Understanding the magnitude of a vector is crucial. The magnitude, sometimes called the length or norm, is a measure of how long the vector is. For a vector \(\mathbf{v} = \begin{bmatrix} v_1 & v_2 & v_3 \end{bmatrix}\), the magnitude is calculated using the formula:

• \(\|\mathbf{v}\| = \sqrt{v_1^2 + v_2^2 + v_3^2}\)

In the exercise, the magnitude of \(\mathbf{v} = \begin{bmatrix} 2 & 1 & -2 \end{bmatrix}\) was found to be 3. This is simply

• \(\sqrt{2^2 + 1^2 + (-2)^2} = \sqrt{9} = 3\)

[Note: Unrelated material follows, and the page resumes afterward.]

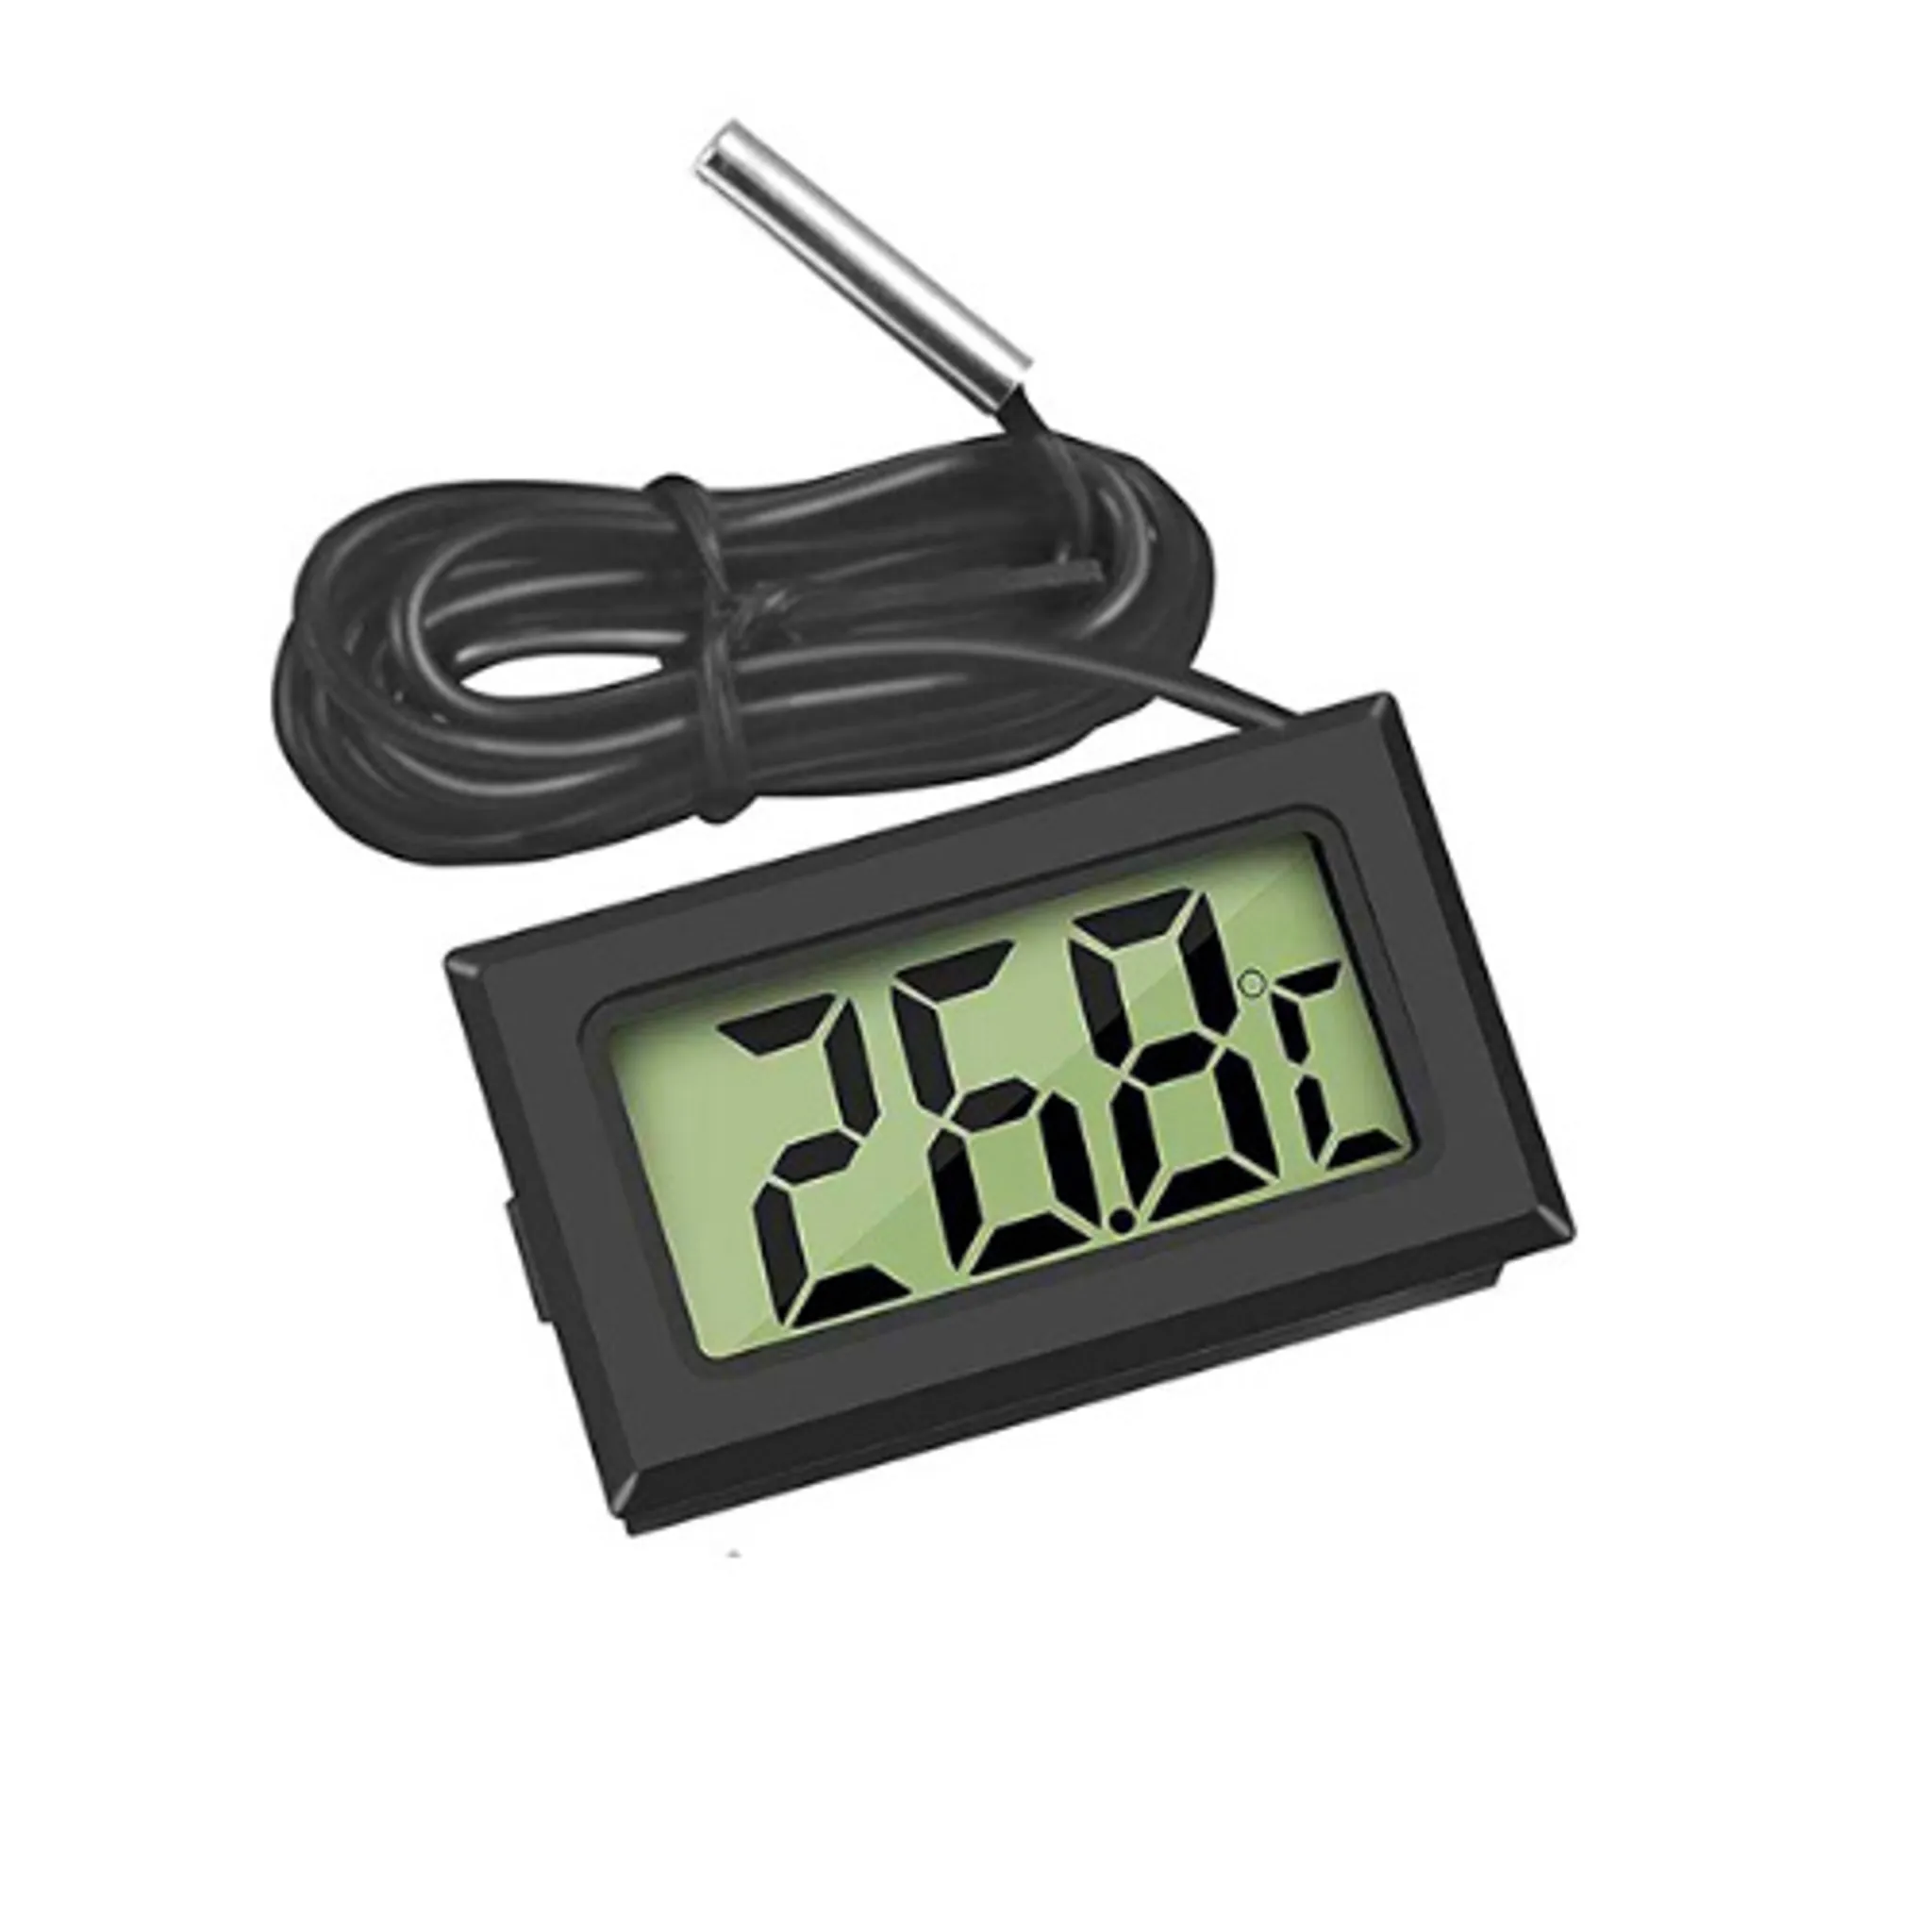 Buy VOLTCRAFT MINI IR 10 IR thermometer Display (thermometer) 1:1

This magnitude acts as a scaling factor that can alter other vectors through operations.

Vector Operations

Vector operations involve actions like addition, subtraction, and scaling. Each of these operations follows specific rules that often mirror everyday arithmetic but applied in a three-dimensional space.For example, subtracting two vectors, like \(2\mathbf{u} - \|\mathbf{v}\|\mathbf{v}\), requires

• Multiplying each component of \(\mathbf{u}\) by 2
• Scaling \(\mathbf{v}\) by its magnitude, \(3\)
• Then, subtract the two resultant vectors

Understanding these operations helps solve equations by manipulating vector quantities.

Equation Solving

Solving equations involving vectors follows a logical sequence, similar to algebra. In this exercise, we tackled two equations wherein the main goal was to isolate \(\mathbf{x}\). To do this:

• Perform operations step-by-step, adhering to the vector operation principles
• Substitute known values, then simplify as much as possible
• Solve for \(\mathbf{x}\) only after simplifying both sides of the equation

Breaking down complex vector equations into manageable parts is essential in understanding and solving them.

Linear Algebra

Linear Algebra deals with vectors and matrices, and their relationships. This exercise is rooted in concepts from linear algebra, such as linear combinations and scalar multiplication.In linear algebra:

• Vectors can be scaled by constants, like \(3\mathbf{x}\)
• Systems of vector equations represent geometric transformations or movements

It’s important to grasp these basic ideas, as they form the cornerstone of more advanced topics like vector spaces and transformations. Linear algebra provides the framework needed for analyzing and solving problems involving multiple dimensions.